Recent Surge in Orders for New Trucks Expected to Slow in 2011, Experts Say

By Rip Watson, Senior Reporter

This story appears in the Feb. 21 print edition of Transport Topics.

CORAL GABLES, Fla. — The recent surge in heavy-duty truck orders will slow as the buying focus shifts from better-capitalized large fleets to smaller carriers that may not be able to afford as much new equipment, industry experts said.

“People have gotten excited about the order intake, but don’t run to the bank yet,” James Hebe, Navistar International Corp. senior vice president, said last week. “The big fleets are placing their orders for 2011 and part of 2012. The pace of the last three months can’t be maintained.”

Mark Lampert, senior vice president of Daimler Trucks North America LLC, agreed, saying, “I don’t think the pace we have been seeing in the last three to four months is sustainable.”



They spoke at the BB&T Capital Markets Transportation Conference here.
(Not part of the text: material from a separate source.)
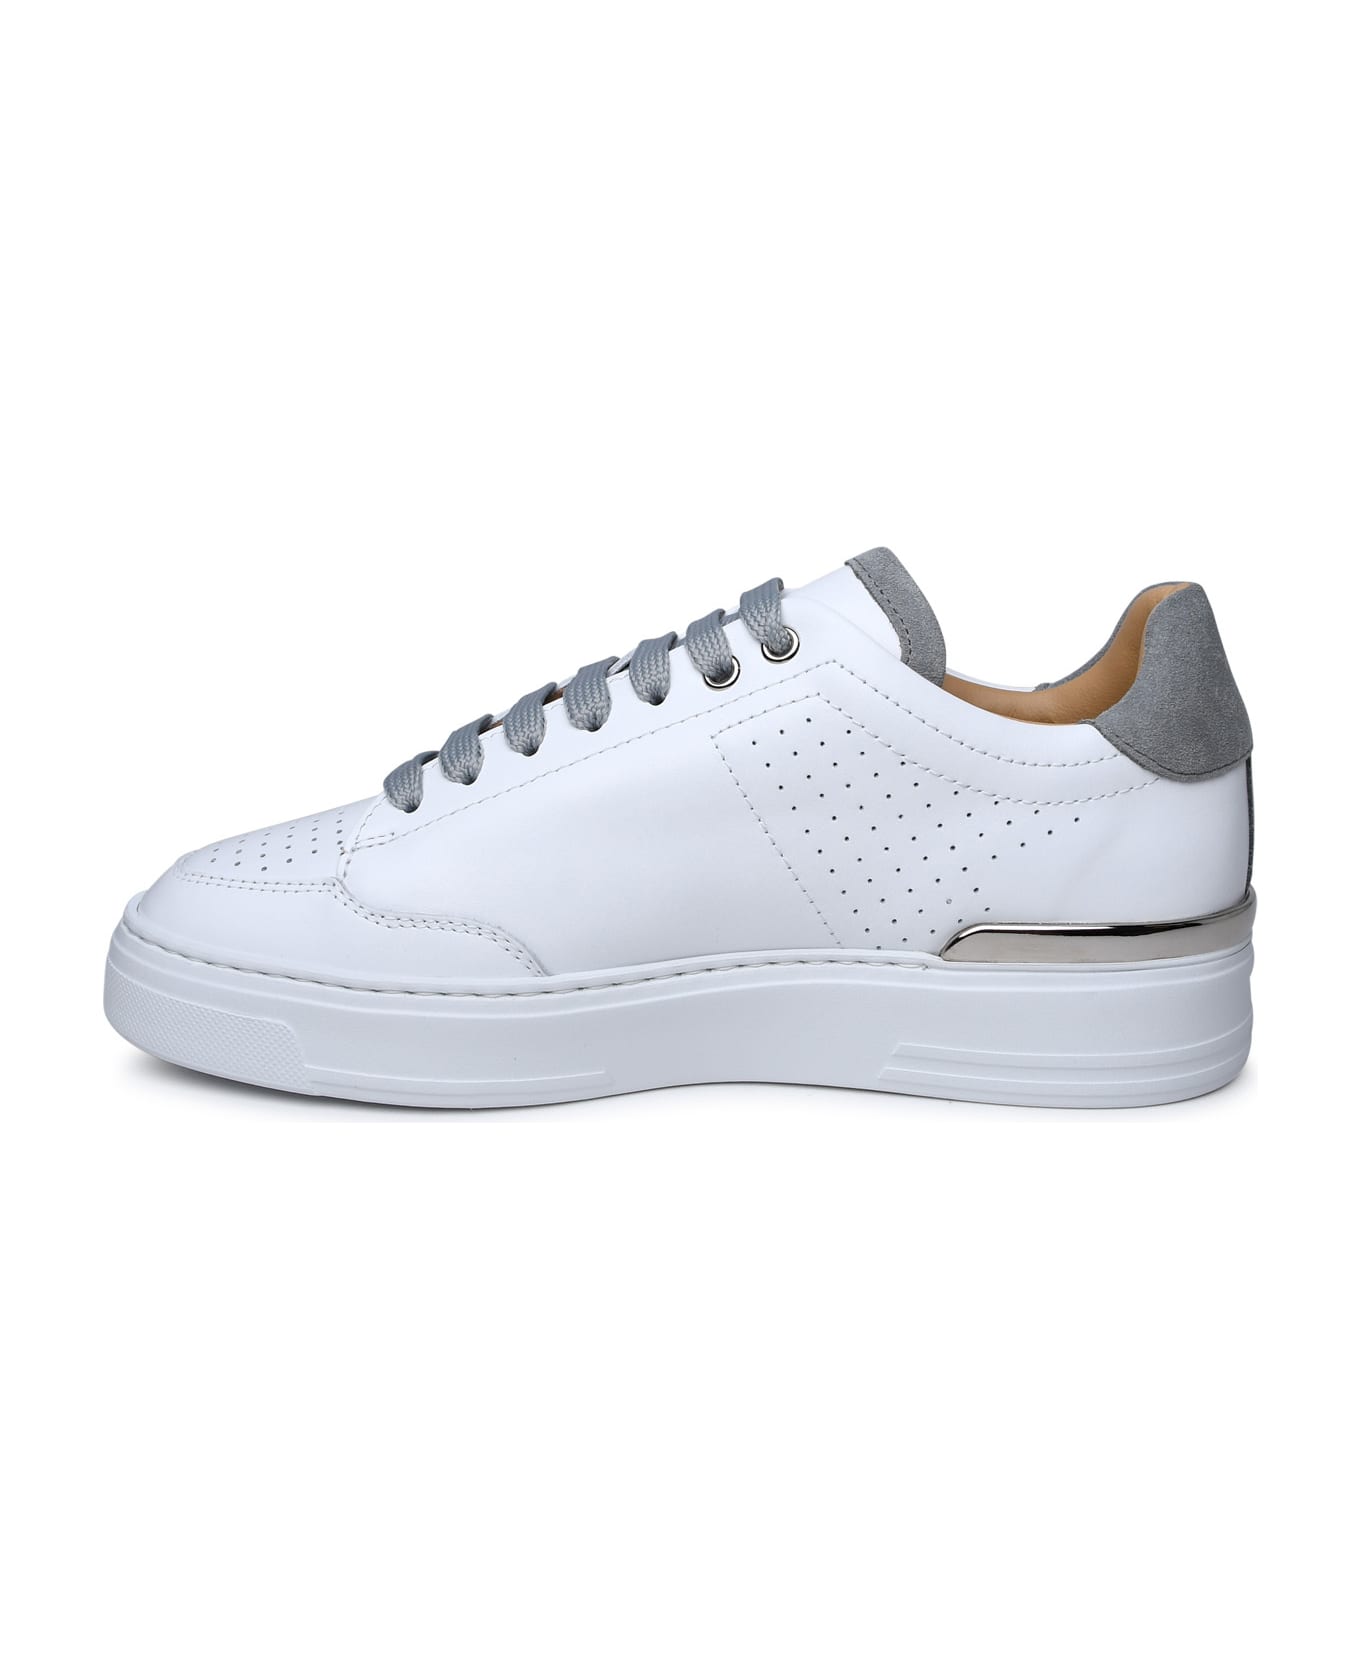 Philipp Plein White Leather Sneakers - White スニーカー

“We are starting to see more small- and medium-sized fleets in the market,” Lampert said. “The largest eight or nine carriers were buying 300 to 500 trucks. Now it is closer to 10 or 15.”

New truck orders recently topped 27,000 a month, according to Americas Commercial Transportation Research Co., and half those orders came from just 35 fleets, Hebe said.

“There is a lot of pent-up demand to buy trucks” among smaller carriers, Hebe said. “Then [fleet owners] walk over to the bank and reality sets in. They want to buy 50, but the order is scaled back to five to 10 because of financing restrictions, he said.

Rising operating costs, such as fuel, also are having an effect.

“Some carriers may find the increased operating costs will eat them before they can buy trucks,” said BB&T Capital Markets analyst Thom Albrecht.

Kenny Vieth, president and senior analyst at ACT Research, said the slower pace of orders as the year unfolds is typical, and he foresees North American orders that could approach 20,000 units a month later this year, far above 2010 totals that hovered around 12,000 monthly.

Ed Pence, vice president and general manager for Cummins Inc.’s heavy-duty engine business, underscored the relative strength of the North American and Asian markets by noting that heavy truck purchases last year in China were about 1 million.

“The growth in Asia has been completely unprecedented,” Pence said. “We think there is some very exciting potential there.”

At the same time the order pace eases, manufacturers are facing a new threat in the form of higher materials costs and potential supply shortages of tires and key engine components, said executives from Navistar Inc. and Daimler Trucks North America.

“Tires have become an issue,” Lampert said. “Rubber trees only grow so fast. We feel the constraint is on the supply market. The supply constraint is absolutely out there now.”

“We will see constraints in tires and engine blocks,” Hebe said. “Suppliers now, especially Tier 2 and 3, come from all over the world. The certainty isn’t there now because you don’t know where the supplier is [based].”

Despite strains such as higher steel costs, Pence said, “We are doing everything we can to offset any cost increases.” He said Cummins doesn’t believe materials costs will change much this year.

Lampert and Hebe had a different view, suggesting that fleets could be staring at still another round of price increases for new tractors next year.

“We are under tremendous pressure, particularly on tires that are both increasing in price and are harder to obtain,” Lampert said.

He said increases for basic materials including steel and aluminum are heading for cost increases between $700 and $900 per tractor.

Asked about a price increase in 2012, Hebe said “absolutely,” citing increased raw materials costs. He didn’t say how much prices could rise, but noted the importance of materials costs by saying they comprise between 75% and 80% of a new tractor’s cost.

Hebe and Lampert also downplayed the potential for a return to peak sales years that topped 300,000 in the United States, saying that market was driven by tax incentives and emissions rules rather than demand for freight.

One sign of that, Hebe said, is that 2010 orders are heavily weighted toward replacement of aging equipment rather than adding capacity.

For example, Werner Enterprises plans to buy between 1,600 and 2,000 tractors this year, Chief Financial Officer John Steele said, while keeping the fleet size steady at 7,300 units.

However, Billy Hupp, chief operating officer of Estes Express Lines, said at the meeting that its anticipated purchase of 400 units would include 100 tractors to add to capacity.

Although orders and sales have recovered, Vieth said he was concerned about the lack of fleet additions if the U.S. economy grows at the 3% to 3.5% pace that economists anticipate, since that level of expansion will generate substantially more freight.

“If the economy grows at that pace, there is going to be a fairly meaningful capacity shortfall,” he said.